I know my speakers in the office and my car. Sometimes I may hear music a little bit more objectively in my own space, but I was backpedaling and Jay knew it.

“I hear you,” he said, “but I know what I know.”

While he was disappointed by my response, I think he also saw an opportunity to own his future. He stopped recording and decided he wanted off the label. I understood, but on a personal level I was incredibly dismayed; after all we’d been able to accomplish together, to part ways like this wasn’t what I wanted. He was the biggest artist on Def Jam, and I hated to lose him. He went to see Doug Morris and negotiated a deal to buy the album back from the label, something that rarely happens.

After he bought the album back, he went into the studio, reinvigorated now that he had more at stake, more to prove. We’d never spoken about whether he agreed about the need for a big hit single, but my words must have resonated because he came up with two monster hits from his new sessions. One was “Run This Town,” with Rihanna and Kanye West. The other one was “Empire State of Mind,” with Alicia Keys, which became his first number one and a song that went on to become the unofficial anthem of the city of New York. The album was a great big juicy home run.

After the record came out and was a big hit, I reached him on the phone. “You nailed it, didn’t you?” I said.

He knew he did. “Oooh, yes, I nailed it,” he said.
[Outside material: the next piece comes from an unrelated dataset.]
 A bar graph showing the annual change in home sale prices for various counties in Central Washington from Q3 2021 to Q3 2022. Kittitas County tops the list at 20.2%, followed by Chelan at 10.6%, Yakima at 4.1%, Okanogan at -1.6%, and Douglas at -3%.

Happy as I was for him, I felt a bit let down—that album was the one that got away. In the end, it was my work as an executive, and honestly, my indifference to the early version of the album, that inspired him to come up with the biggest single of his career. I put a lot of man-hours into coaching, and, in my own way, I pushed him. In pushing him to be better, I also pushed him away. After being so in sync for years and coming to such a clear understanding of what drove us professionally and personally, I think he felt that, for the first time, I wasn’t on the same page.

That Christmas, I went to St. Barts. Jay and Beyoncé ended up staying there at the same time, and one night, he called. “Hey man. I’m in your neck of the woods,” he said. “What are you doing tonight?”
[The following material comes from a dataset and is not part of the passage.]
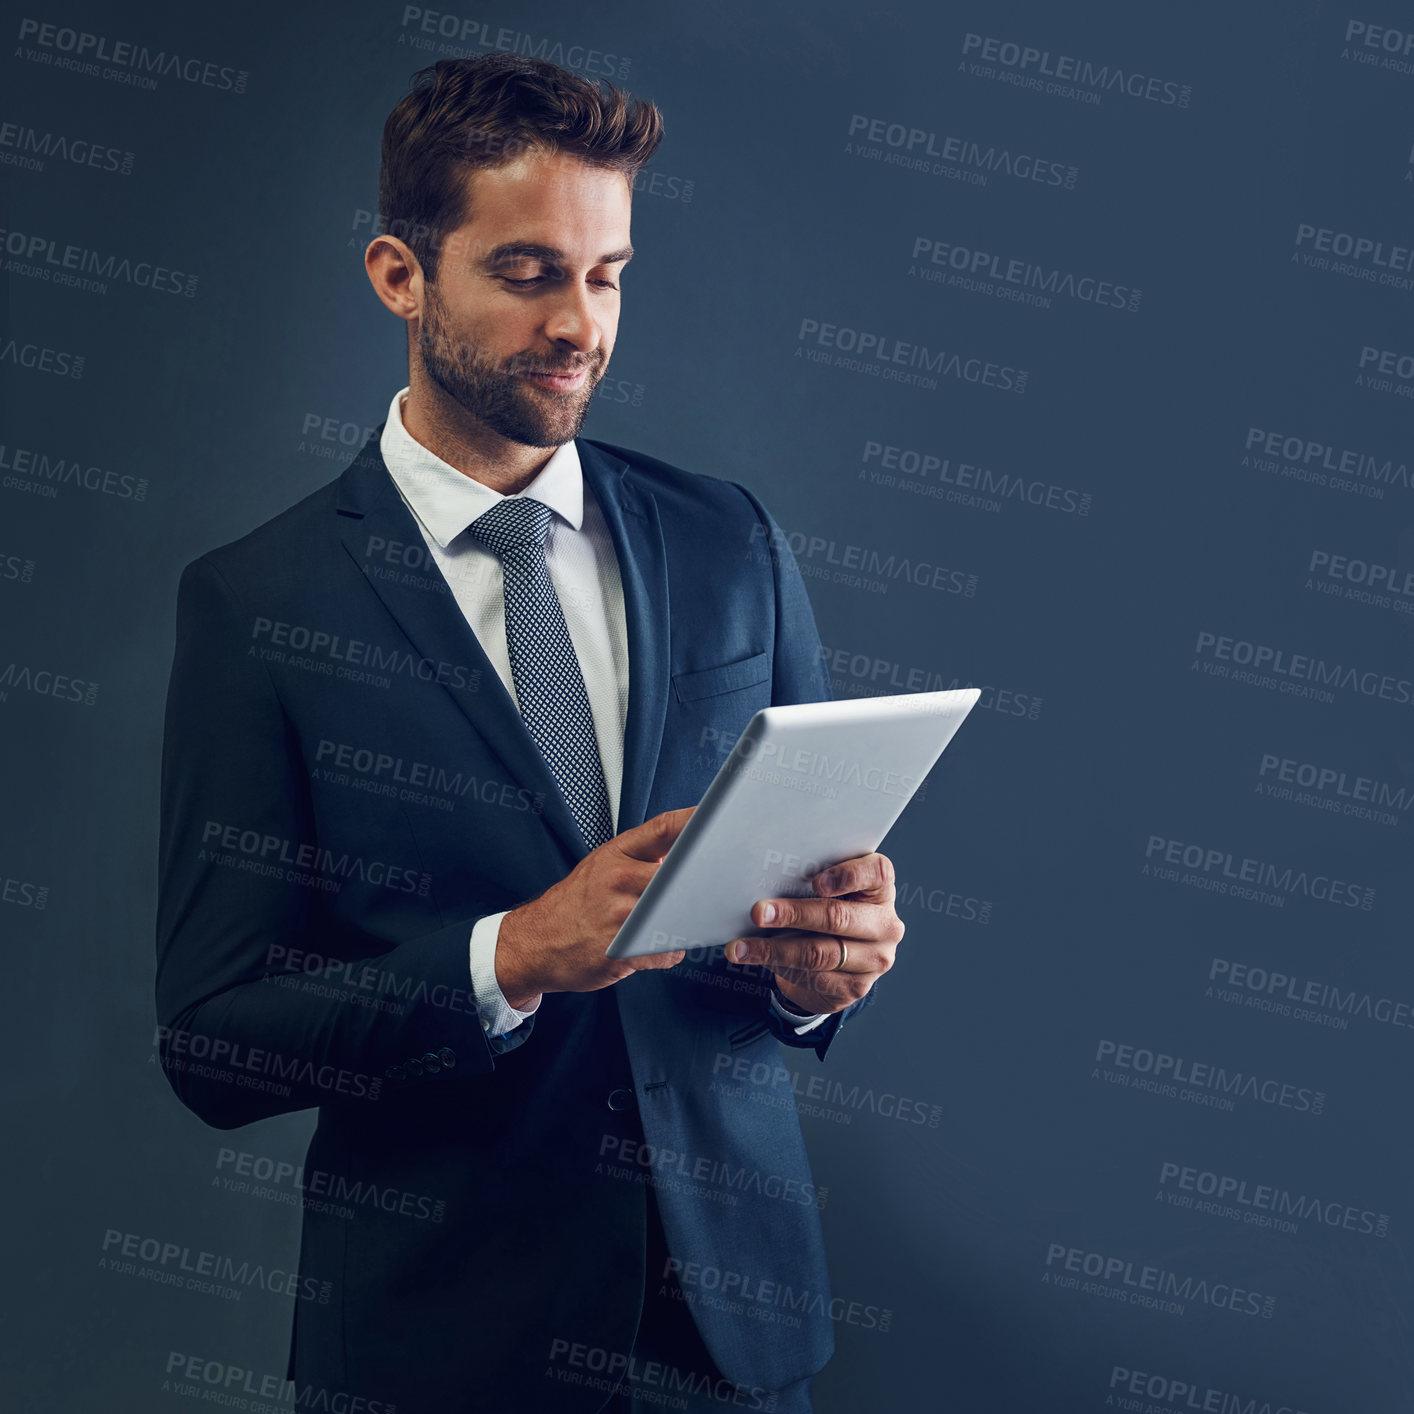 Buy stock photo Studio shot of a handsome young businessman using a digital tablet against a dark background

Erica and I joined Jay and Beyoncé at a restaurant for dessert. We adjourned to our house so Jay and I could smoke cigars. Jay knew Usher was on the island so we called him and Usher came over. We sat around a table in the warm evening breeze drinking, talking, smoking a little weed, laughing, and having a good time.

Beyoncé just had a smash with “Single Ladies.” Both she and Jay-Z were on top of the world. They both had the biggest hits of their career. Jay turned to Usher.

“You know, I’m a little bit disappointed in you,” he said.

“Why?” said Usher.

“Because you are one of our greats,” Jay said. “You are supposed to be right now where Beyoncé and I are. Why isn’t that happening?”

Usher shrugged. “I don’t have my guy,” he said.

“Who’s that?” asked Jay.

“LA,” said Usher.

“What do you mean you don’t have him?” asked Jay Z. “He’s sitting right here. He will do anything you want. LA is the reason why my album was so big. I don’t know him nearly as well as you do, so if he can help me, he can help you.”

We sat there until seven in the morning. By then I was so drunk and high, I crashed. I left Jay Z, Usher, Beyoncé, and Erica at the table. The next day Jay called to say he was sorry for overstaying his welcome. I told him there was no such thing, and I was sorry for abandoning everyone. They left at eight thirty in the morning, but it had been a great night.

Jay Z is not the kind of guy to do all the political acknowledgments, thanking this guy and that guy at the label after he’s won awards. The truth is that none of us deserve the credit. But in the dark of the Caribbean night, without even speaking to me, he gave me all the acknowledgment I needed. For all I learned from Jay, I guess I also taught him something, too.